Turkey Renews Threat Against Cyprus Missiles

ANKARA (Reuters)–Turkey on Tuesday renewed its threat to strike Russian-made anti-aircraft missiles if the Cypriot government goes ahead with its planned deployment on the divided Mediterranean island.

"Turkey’s attitude toward the installation of S-300 missiles on southern Cyprus has not changed since the beginning. It will not change as long as this subject remains on the agenda," the Foreign Ministry said in a statement.

"The security of the Turkish Cypriot people is under the guarantee of Turkey.
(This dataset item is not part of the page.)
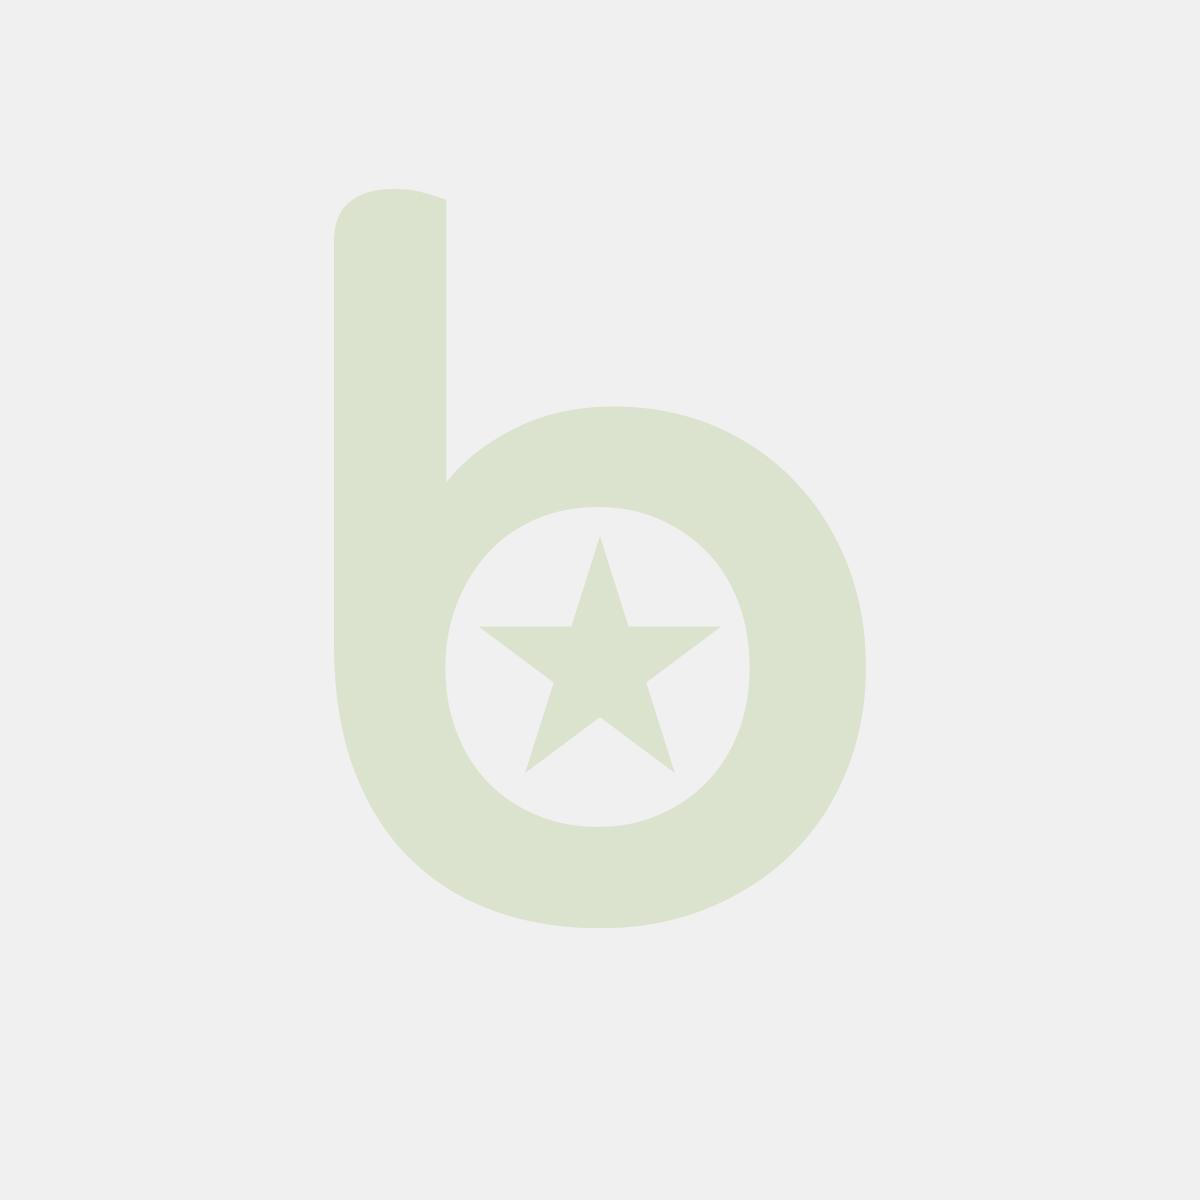 Pojemnik obiadowy do zgrzewu B9510C, 2-dzielny, biały, 227x178x40, cena za op. 40 sztuk

Turkey will give the necessary response to every attempt to disrupt this."

Cyprus has been divided into rival ethnic Turkish and Greek Cypriot zones since 1974 when Turkey invaded the northern third of the island in response to a short-lived coup engineered by the military then ruling Greece.
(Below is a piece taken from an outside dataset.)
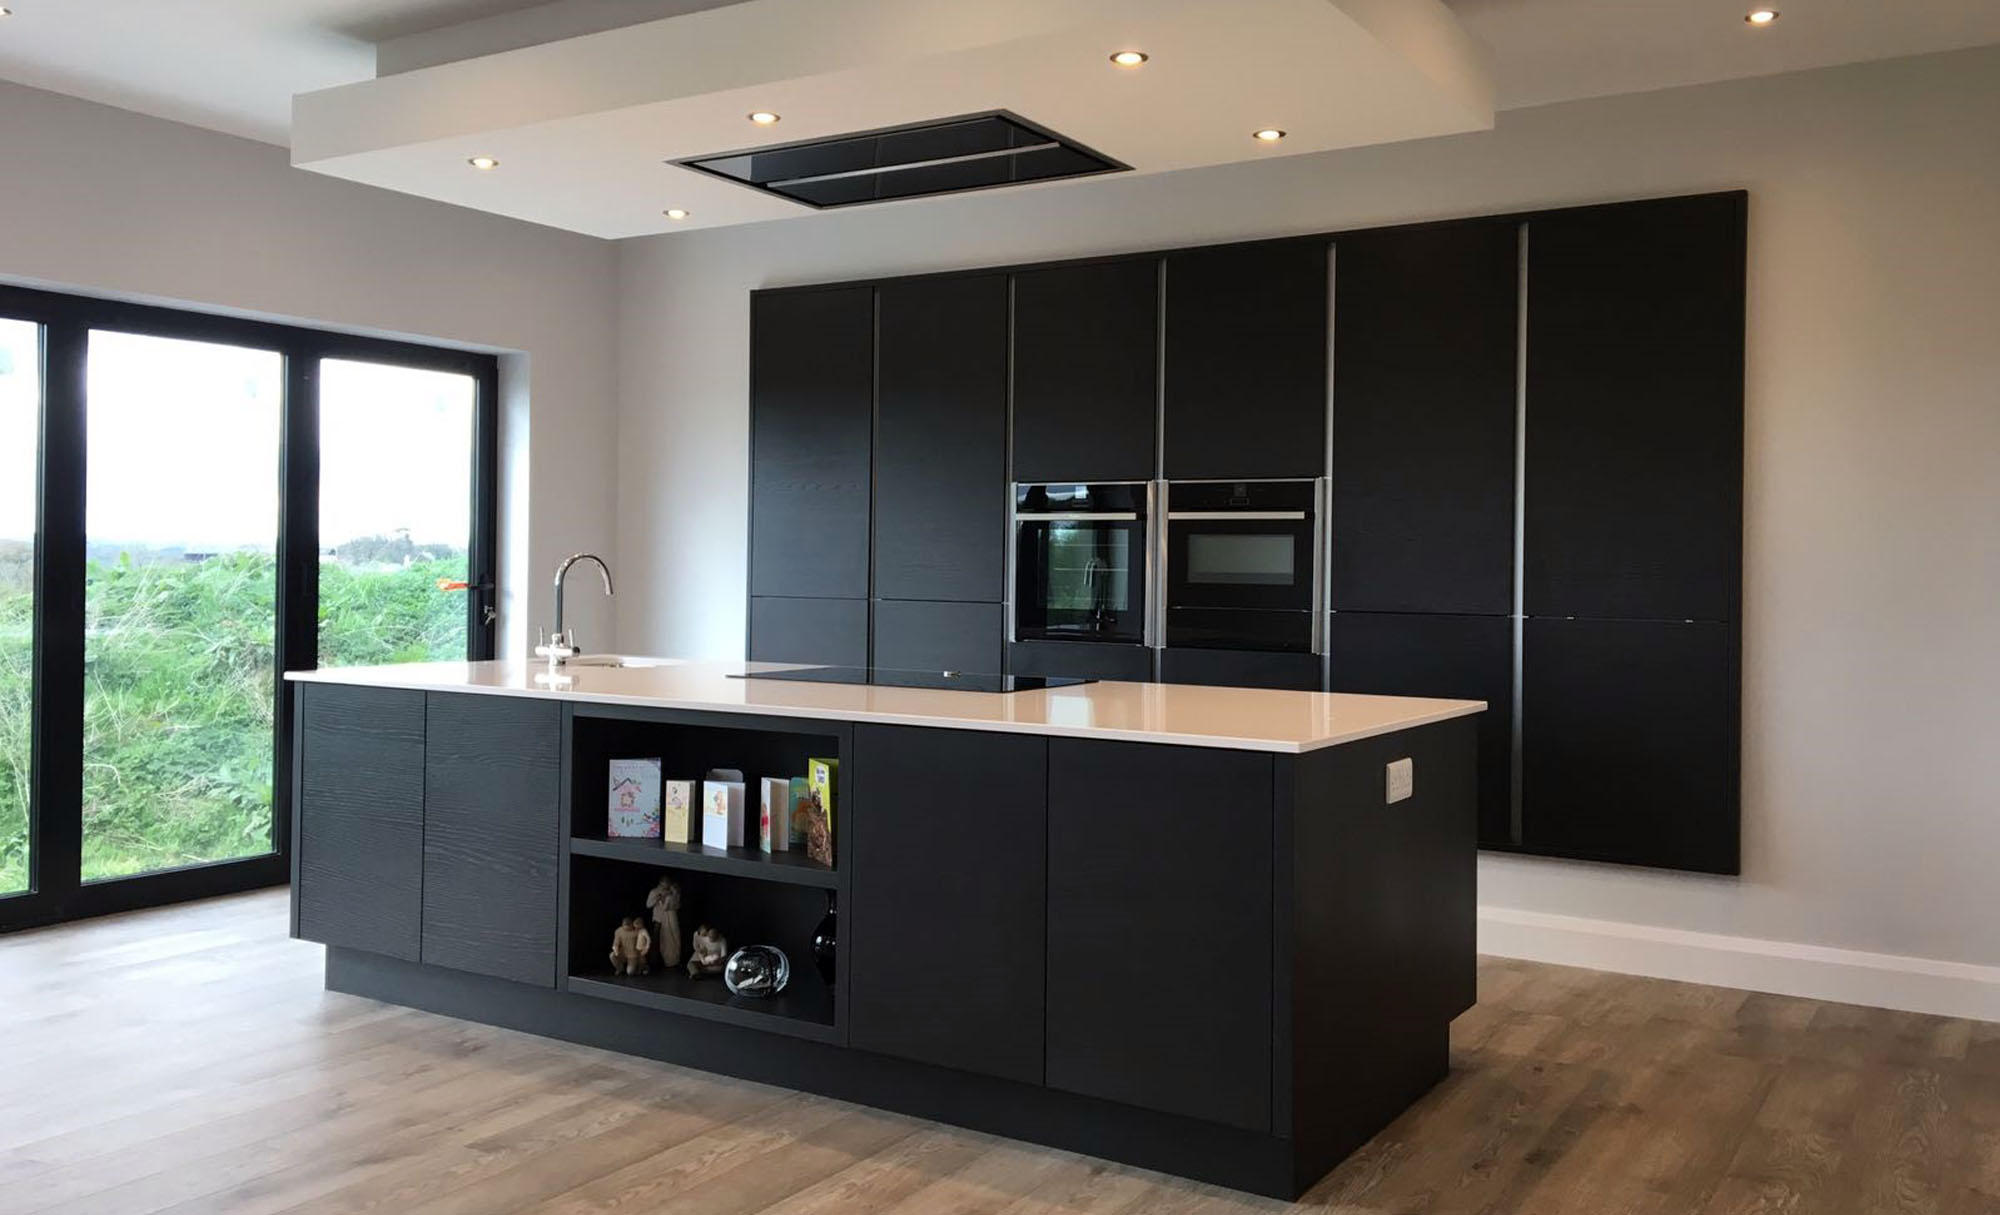 kitchen-stori-tavola-hacienda-black-coleraine-contemporary

Turkey–which keeps some 30,000 troops in the north–last year threatened to use force to prevent deployment of the surface-to-air missiles due to be delivered by October.

The internationally recognized Cypriot government has refused to cancel the order–saying the deployment is purely defensive.

The European Union opened negotiations with the Cypriot government earlier this month on entry to the bloc.

Turkey and the breakaway Turkish Cypriot authorities–whose administration is recognized only by Ankara–have threatened to integrate if the EU accession process advances.